=== Section Start ===

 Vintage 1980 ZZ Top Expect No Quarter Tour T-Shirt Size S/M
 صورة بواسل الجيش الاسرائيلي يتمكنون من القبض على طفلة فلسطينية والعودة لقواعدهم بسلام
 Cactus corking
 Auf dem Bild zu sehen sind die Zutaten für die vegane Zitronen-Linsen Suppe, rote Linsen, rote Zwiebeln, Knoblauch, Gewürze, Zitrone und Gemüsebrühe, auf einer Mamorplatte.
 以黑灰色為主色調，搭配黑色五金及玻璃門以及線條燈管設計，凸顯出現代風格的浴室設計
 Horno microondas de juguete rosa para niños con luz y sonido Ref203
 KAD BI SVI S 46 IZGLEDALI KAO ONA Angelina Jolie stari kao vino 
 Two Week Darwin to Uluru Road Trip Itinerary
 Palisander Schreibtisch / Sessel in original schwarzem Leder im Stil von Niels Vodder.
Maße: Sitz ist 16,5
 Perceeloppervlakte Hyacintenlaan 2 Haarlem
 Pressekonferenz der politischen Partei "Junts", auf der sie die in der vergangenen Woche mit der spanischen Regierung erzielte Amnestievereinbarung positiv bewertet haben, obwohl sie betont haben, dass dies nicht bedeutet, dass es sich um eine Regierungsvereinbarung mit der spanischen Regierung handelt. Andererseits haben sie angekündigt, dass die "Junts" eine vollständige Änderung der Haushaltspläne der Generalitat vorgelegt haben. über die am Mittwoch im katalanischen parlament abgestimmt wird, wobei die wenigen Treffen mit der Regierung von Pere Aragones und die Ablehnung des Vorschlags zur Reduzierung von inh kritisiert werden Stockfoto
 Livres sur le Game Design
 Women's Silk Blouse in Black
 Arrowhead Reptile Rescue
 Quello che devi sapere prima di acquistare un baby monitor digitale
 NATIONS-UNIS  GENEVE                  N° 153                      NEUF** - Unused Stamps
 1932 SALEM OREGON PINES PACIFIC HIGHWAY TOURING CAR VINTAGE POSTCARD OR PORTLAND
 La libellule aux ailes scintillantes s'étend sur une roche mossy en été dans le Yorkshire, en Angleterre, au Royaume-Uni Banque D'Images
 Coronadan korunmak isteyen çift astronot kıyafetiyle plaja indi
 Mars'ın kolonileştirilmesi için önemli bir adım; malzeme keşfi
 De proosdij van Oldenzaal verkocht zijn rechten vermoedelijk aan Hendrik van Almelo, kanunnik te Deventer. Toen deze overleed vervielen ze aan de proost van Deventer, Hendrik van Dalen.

=== Section End ===

▸ **Work instruction**
Taking the entries above, print exactly the lines starting at the line with "Two Week Darwin to Uluru Road Trip Itinerary" and ending at the line with "Perceeloppervlakte Hyacintenlaan 2 Haarlem", both included.

▸ **Result of this exercise**
 Two Week Darwin to Uluru Road Trip Itinerary
 Palisander Schreibtisch / Sessel in original schwarzem Leder im Stil von Niels Vodder.
Maße: Sitz ist 16,5
 Perceeloppervlakte Hyacintenlaan 2 Haarlem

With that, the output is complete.